Eu, meu avô e minha prima saímos do condomínio, afinal, se o prédio vai desabar, embaixo dele não parece seguro. Na rua nos demos conta. Não era o prédio. O chão tremeu.

Um terremoto em Maceió?

Liguei para o meu pai. A padaria ficava a poucos metros dali.

Ele também havia sentido. O chão tremeu por lá também. O chão tremeu e todos nós sentimos. Meus irmãos em casa. Meu pai na padaria. Minha mãe no trabalho. Eu na casa domeu avô. Estávamos juntos, por acaso, naquele dia que algo mudou em nós. E mudou em muita gente.

cap3

3. fogueira de são joão

A cadeira do meu avô não era de balanço.

Ele já balançava bastante sozinho.

Fazia questão de ter uma fogueira grande na porta de casa.

Eu me lembro quando a Belo Horizonte foi asfaltada e migramos a fogueira para a rua de trás. O São João era sempre importante. Era meu aniversário.

Minha avó costurava minhas roupas. Eu era sempre a noiva. E sempre casava com um dos meus primos.
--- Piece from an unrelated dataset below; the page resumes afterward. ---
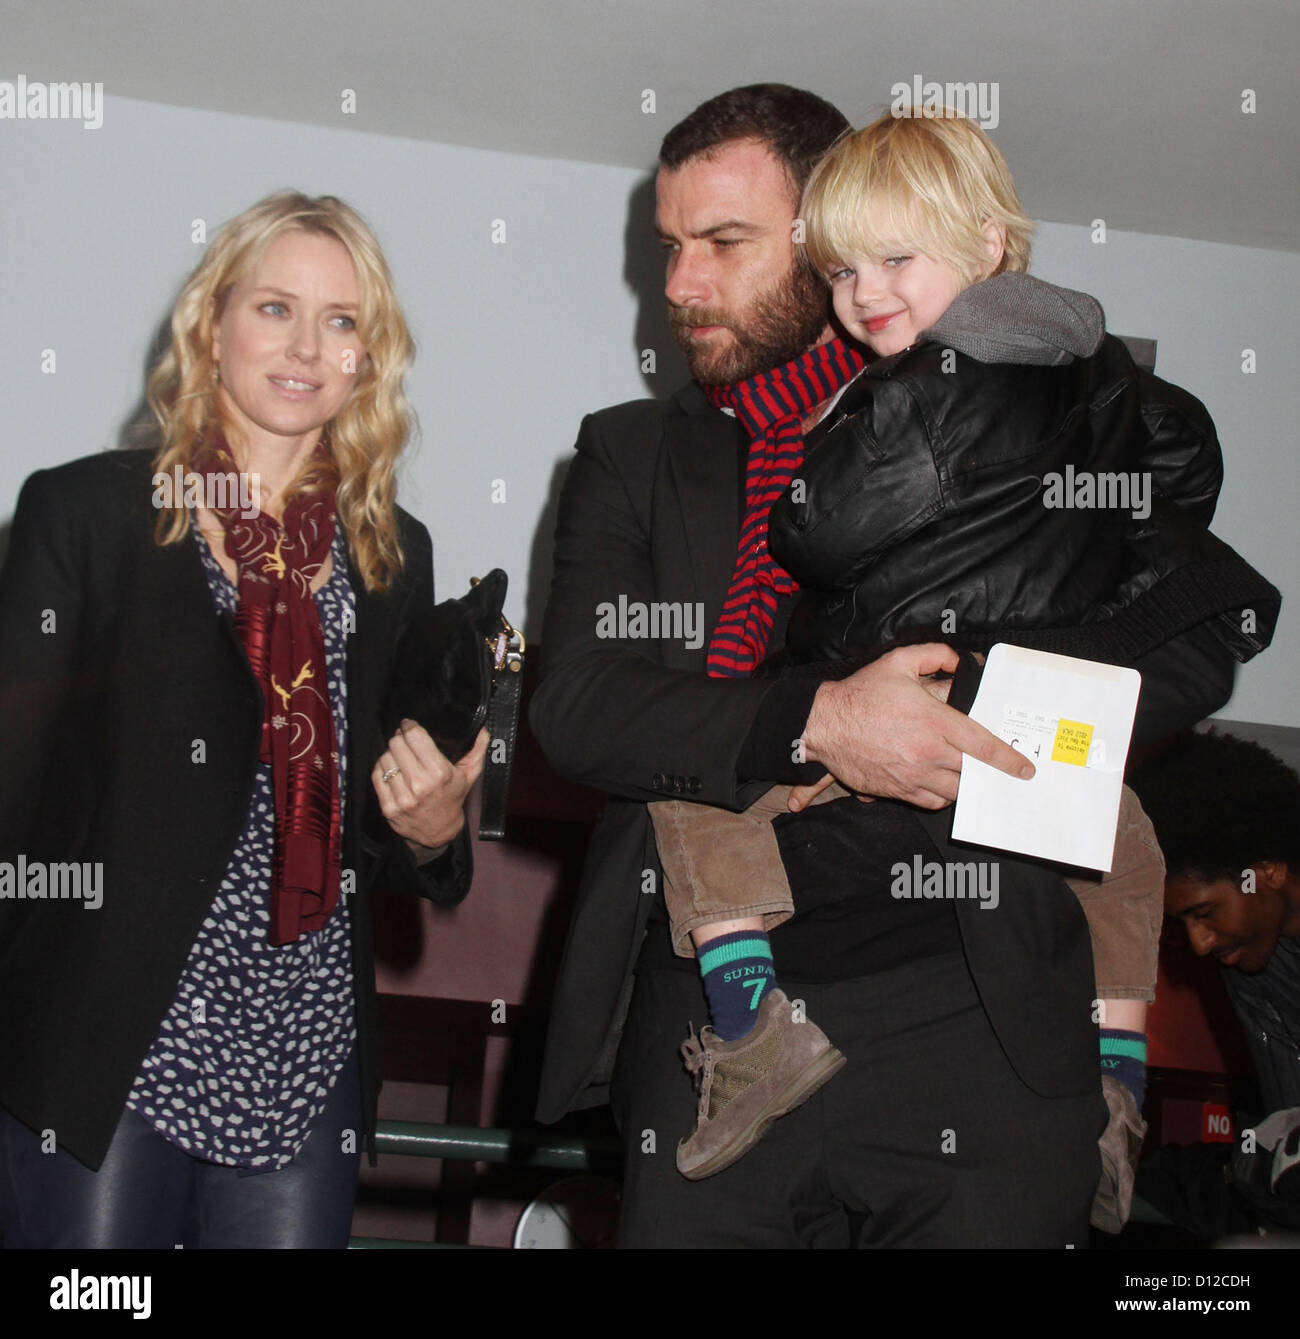 Dec. 5, 2012 - New York, New York, U.S. - Actors NAOMI WATTS, LIEV SCHREIBER and their son attend the New 42nd Street Gala, To Honor Australia Council for the Arts in celebration of The New Victory Theater Education Programs held at The New Victory Theater. (Credit Image: © Nancy Kaszerman/ZUMAPRESS.com) Stock Photo

Até achei que casaria de verdade com alguns deles. Mas deu tudo certo.

Acho que casei demais no São João. Por que eu nunca fui a rainha do milho?

Assei muitos milhos com meu pai e meu avô. Os olhos ardiam bastante com o calor do fogo.

Mas o gosto de brasa e o torradinho do milho compensavam qualquer desconforto.

Meu avô já não aguentava mais montar a fogueira sozinho.

Ajudei a montar muitas fogueiras com ele.

A maior delas segue queimando.

cap4

4. plié

É difícil acreditar, mas eu já fiz balé.
Bem ali na esquina da padaria, na esquina de casa.
As pernas longas me deixavam desengonçada — e ainda deixam.
Mas todas as minhas amigas faziam balé. Eu queria também.
Treinava no chão de taco da casa dos meus avós, me segurando numa estrutura de ferro de máquina de costura antiga.
Dessas que tinham um pedal e uma roldana. E o pedal girava a roldana que, por sua vez, soltava a linha. Às vezes a roldana era uma direção de carro e eu e meu irmão sentávamos no pedal, balançávamos para um lado e para o outro enquanto
passeávamos por curvas perigosas em alta velocidade.
Eu treinava o balé. E usava aquela roupa inteira rosa.

Da touca à sapatilha, tudo rosa.
Fizemos uma apresentação e minha avó estava lá desta vez, junto com minha mãe.
A apresentação era difícil para uma criança atrapalhada, com um descontrole de pernas, de braços e — não custou a perceber — também de coração.
Em um certo momento da coreografia insistentemente ensaiada, todas as bailarinas deveriam fazer um giro completo.
Da barra até a barra.
Todas deveriam. Eu não fiz. Girei tão rápido que perdi o retorno da barra e parei de frente para uma plateia de mães e avós entusiasmadas.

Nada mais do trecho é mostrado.